The reputation of precious metals as a safe haven in times of uncertainty was tarnished once again as spot gold prices tumbled more than 7.5 percent before paring back a fair chunk of that loss.
Bitcoin was also bludgeoned, with Bloomberg data showing that it plunged as much as 18 percent on Monday before clawing back some of those losses.
The Fed pulled pages from its crisis-era playbook on Sunday, slashing interest rates to near zero and unleashing a handful of other measures designed to keep credit markets – which have been showing signs of stress in recent weeks – running smoothly.
Among the measures, the Fed decided to restart “quantitative easing” or QE – the programme of buying bonds from the US Treasury and mortgage-backed securities markets. By supporting the smooth functioning of these markets, the Fed is attempting to help businesses and consumers access the credit they need to weather the coronavirus storm.
The Fed also slashed reserve requirements for thousands of US banks and eased conditions for banks at the discount window – again with the aim of helping financial institutions more easily meet the demand for credit from households and businesses straining under virus disruptions.
On a more global scale, the Fed in concert with five other central banks reduced the pricing on dollar swap lines to ensure that there is a sufficient amount of US dollars – the global reserve currency – to ensure that the markets for borrowing and lending greenbacks overseas do not become overly strained.
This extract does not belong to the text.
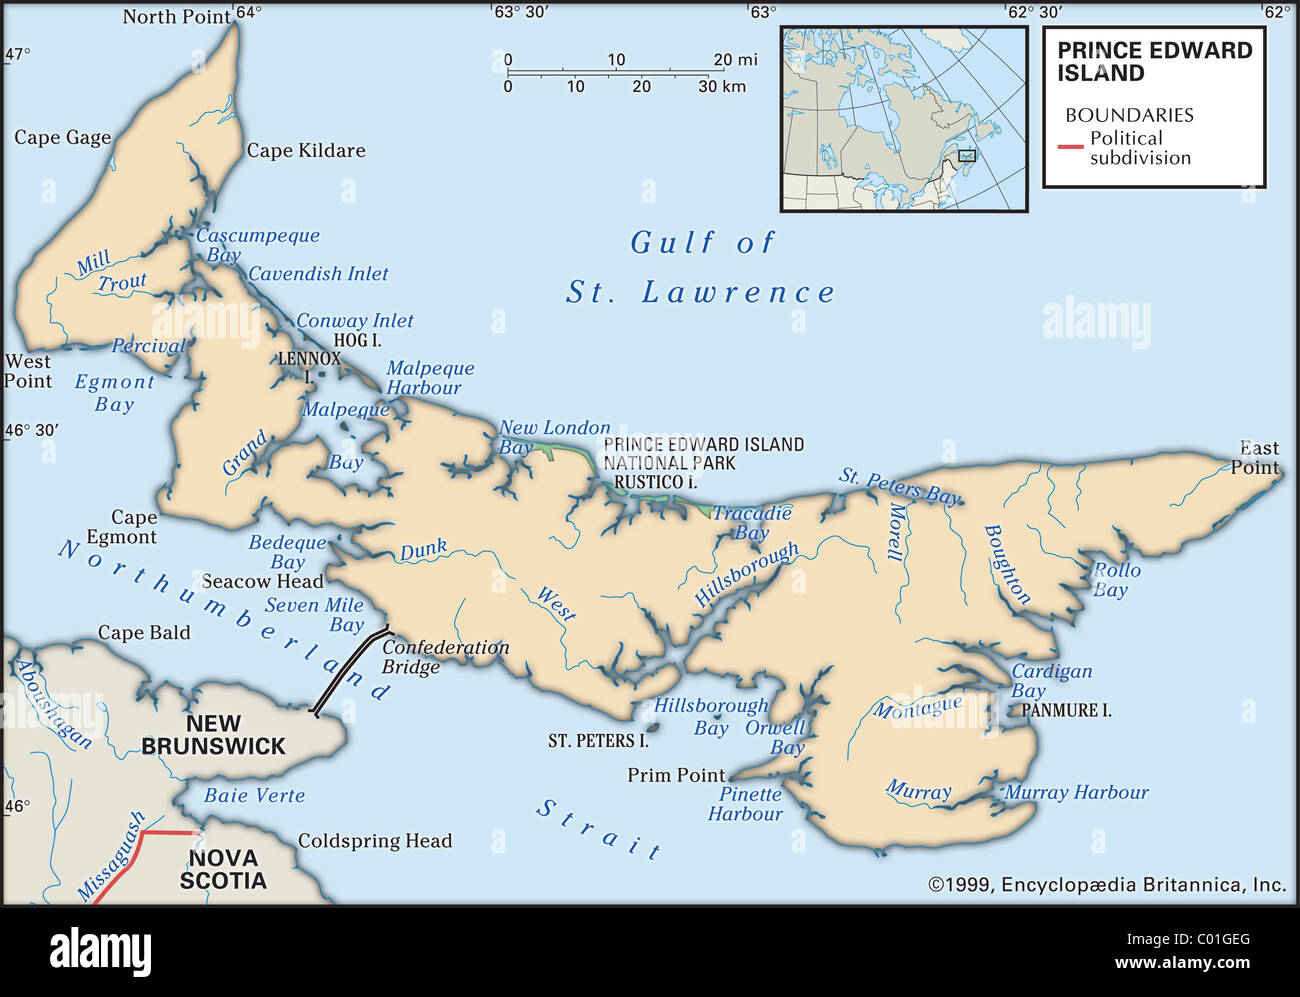 Cartina Fisica della Prince Edward Island Foto Stock

If these markets seize up, it could feed back into the US economy.
But with so many unknowns surrounding the coronavirus outbreak, investors took little solace from the Fed’s extraordinary actions.
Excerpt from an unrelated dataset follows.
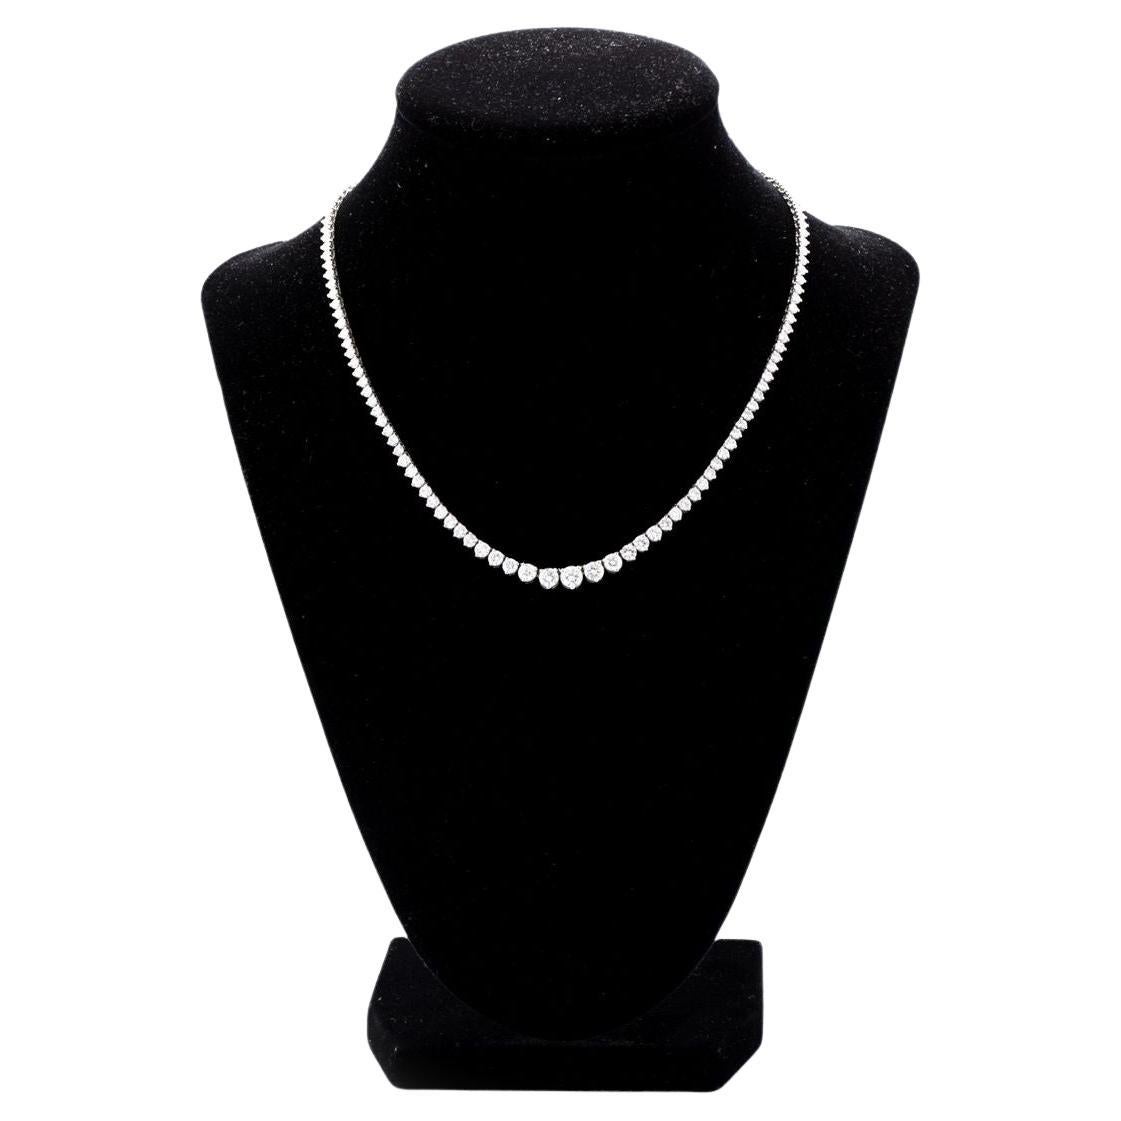 12.19 carat Platinum Elegant Graduated Diamond Tennis Necklace

“As the scale of the economic and market disruption wrought by the coronavirus becomes clear, it seems likely that investors will increasingly start to question whether policymakers have already exhausted their capacity to respond,” Capital Economics group chief economist Neil Shearing wrote in a client note this morning. “As we have noted before, history suggests that equity markets are only likely to bottom out when it becomes clear that the flow of new cases of the virus has peaked.”
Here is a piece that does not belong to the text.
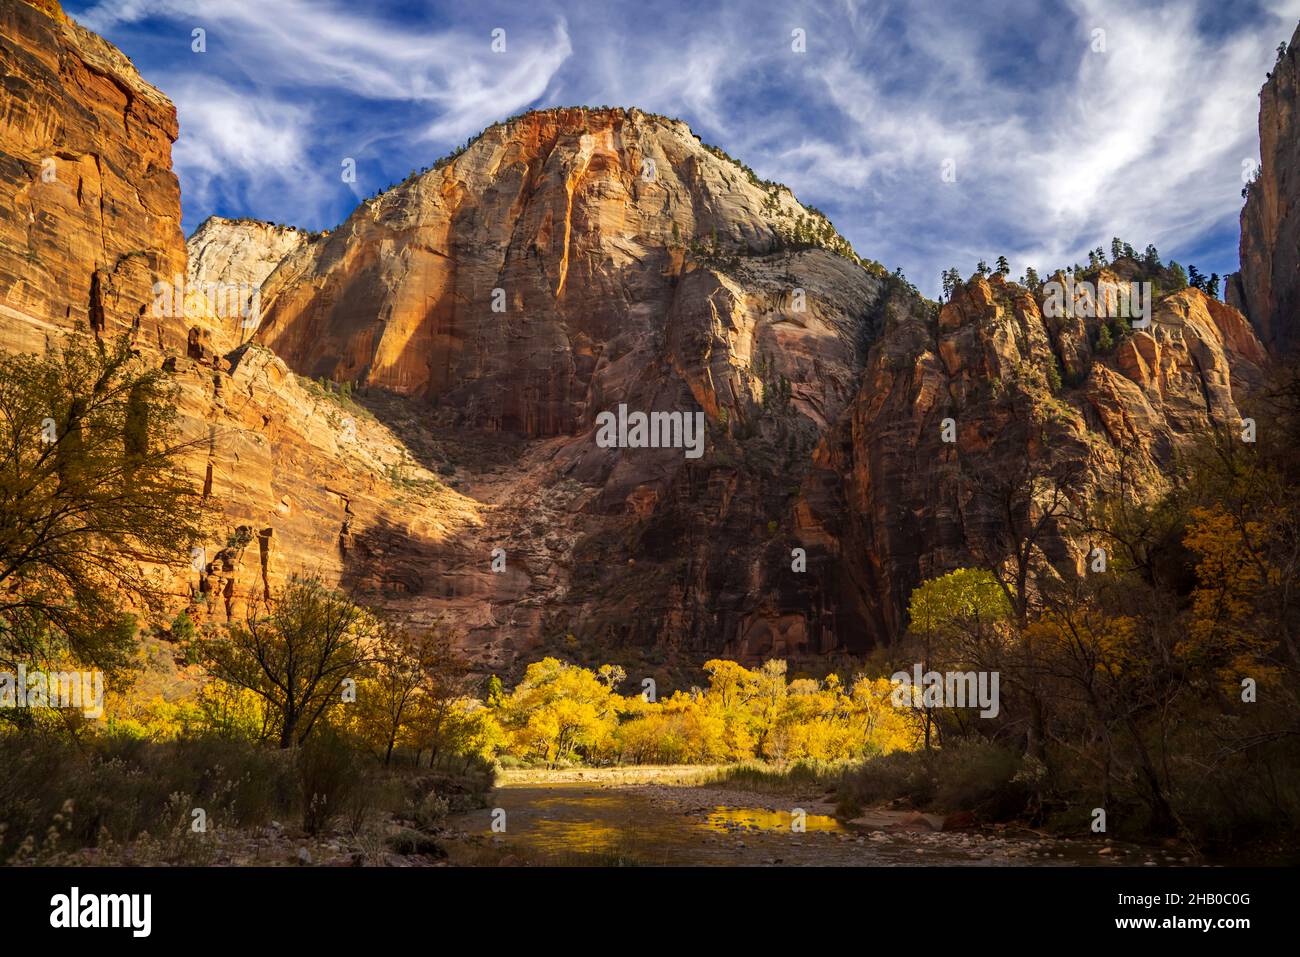 Dies ist eine Herbstansicht des Cable Mountain in der Big Bend Gegend des Zion National Park, Springdale, Washington County, Utah, USA. Stockfoto

Joel Prakken, the chief US economist at IHS Markit, wrote in a note to clients this morning, “We now expect a recession to begin in the second quarter”, citing a slowdown in consumer spending that accounts for roughly two-thirds of US economic growth.
“With global growth slowing sharply, financial conditions tightening dramatically, energy prices plunging, and ‘social distancing’ forcing cancellations of sporting events, Broadway shows, dinner reservations, travel plans, conventions, etc., we now expect a sharp decline through June in “at-risk” personal consumption expenditures (PCE) on services to precipitate a consumer-led recession beginning in the second quarter and lasting through the end of the year,” Prakken wrote.
Many market participants are looking for concrete fiscal measures by the US government to compliment the Fed’s monetary moves to blunt the fallout of coronavirus.
“My biggest concern (along with many market participants) is that Congress may not put partisan politics aside until something breaks,” Steven Ricchiuto, US chief economist at Mizuho Securities USA, wrote in a note to clients. “What policymakers don’t get is that memories of the financial crisis are fresh in people’s minds, and people remember the number of failures that had to occur before Washington got its act in gear back then.”
Interest rate-sensitive financial stocks were roiled on Monday along with energy stocks.
Dow financials lost 14.81 percent, while the energy sector fell 12.94 percent.
Shares of airlines were hammered. US airlines, which have been slashing services, cutting costs and laying off workers, are seeking a $50bn government bailout, sources told Reuters news agency.
Boeing shares had a spectacularly bad day, losing 23.84 percent, as coronavirus travel disruptions further clouded the return to service of the 737 MAX aircraft that saw two fatal plane crashes in 2018. The aircraft maker’s stock is now trading at $129.61 a share.
The price of global benchmark Brent crude tanked more than 12 percent on Monday, falling below $30 a barrel, while US benchmark West Texas Intermediate crude fell 9.7 percent to $28.63 a barrel.